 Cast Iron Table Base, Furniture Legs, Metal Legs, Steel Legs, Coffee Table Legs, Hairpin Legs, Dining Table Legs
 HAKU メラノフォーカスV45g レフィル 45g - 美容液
...
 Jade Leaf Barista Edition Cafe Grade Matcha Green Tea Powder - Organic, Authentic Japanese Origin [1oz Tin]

* Exercise prompt
In the listing above, find the line with "Cast Iron Table" and the line with "HAKU メラノフォーカスV45g レフィル 45g - 美容液", then print exactly those two lines and every line between them, and nothing more.

* Reply
 Cast Iron Table Base, Furniture Legs, Metal Legs, Steel Legs, Coffee Table Legs, Hairpin Legs, Dining Table Legs
 HAKU メラノフォーカスV45g レフィル 45g - 美容液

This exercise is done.